**INSTRUCTIONS FOR THE TASK:**
Nothing in the data should change when you return it, but leave the pictures out.

**DATASET EXTRACT:**
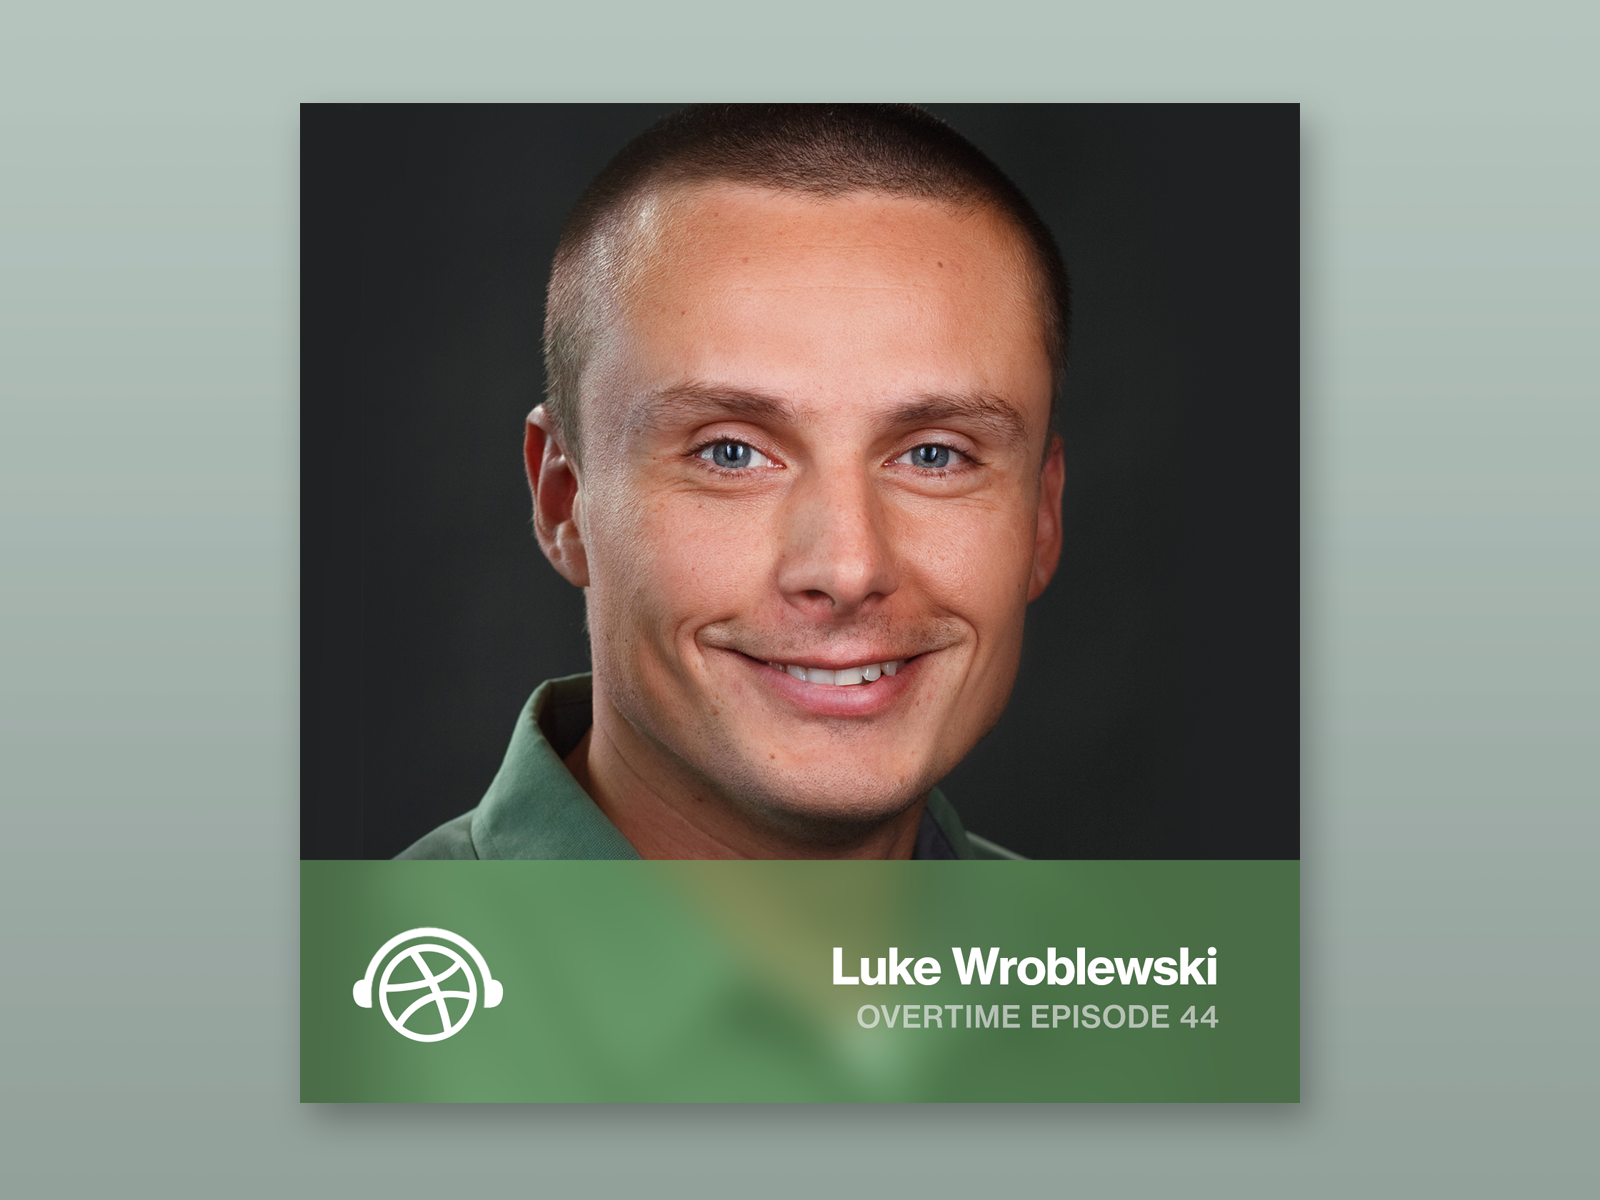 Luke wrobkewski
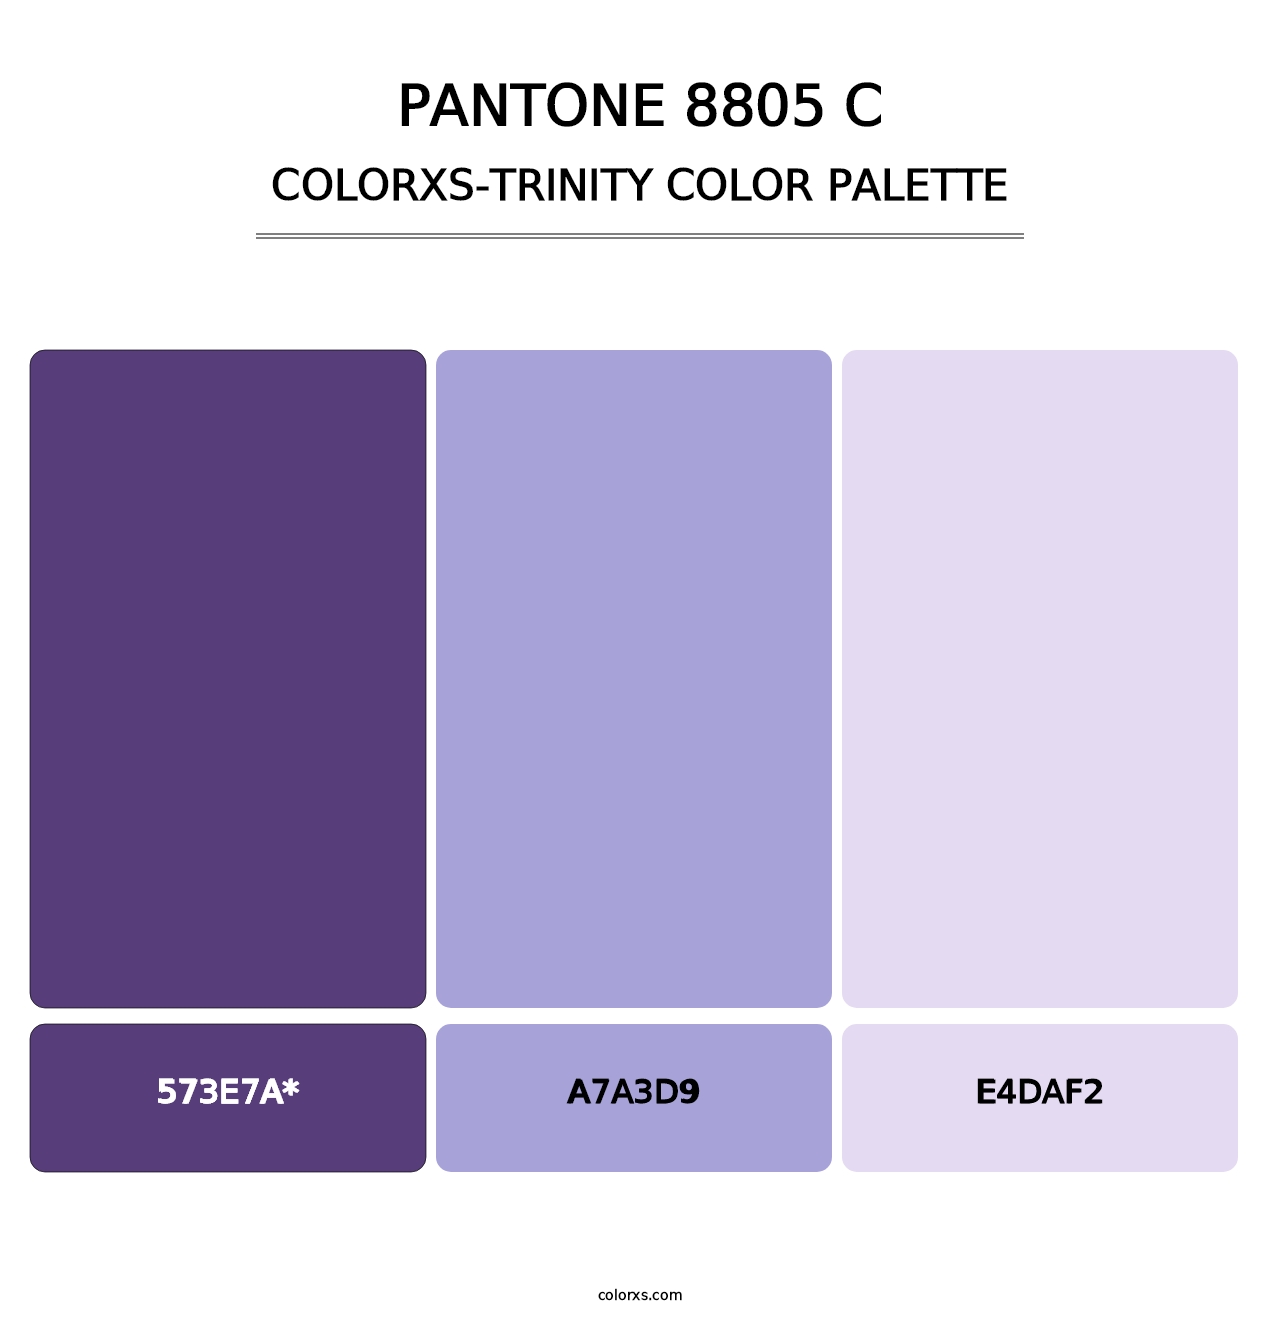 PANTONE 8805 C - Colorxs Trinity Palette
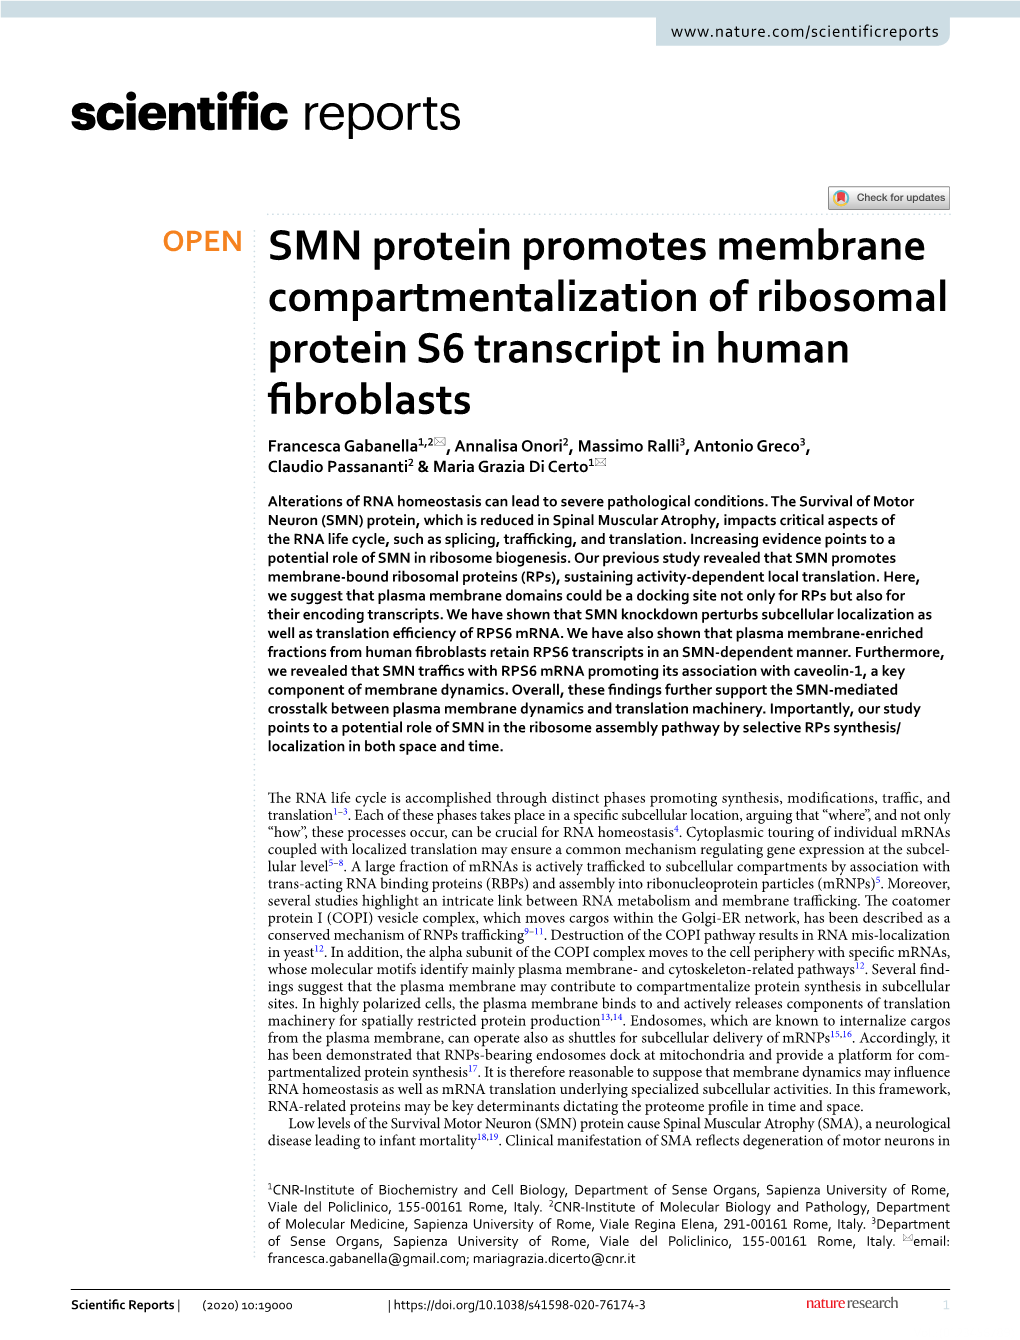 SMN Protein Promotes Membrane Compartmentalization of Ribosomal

**SOLUTION TO THIS PROBLEM:**
 Luke wrobkewski
 PANTONE 8805 C - Colorxs Trinity Palette
 SMN Protein Promotes Membrane Compartmentalization of Ribosomal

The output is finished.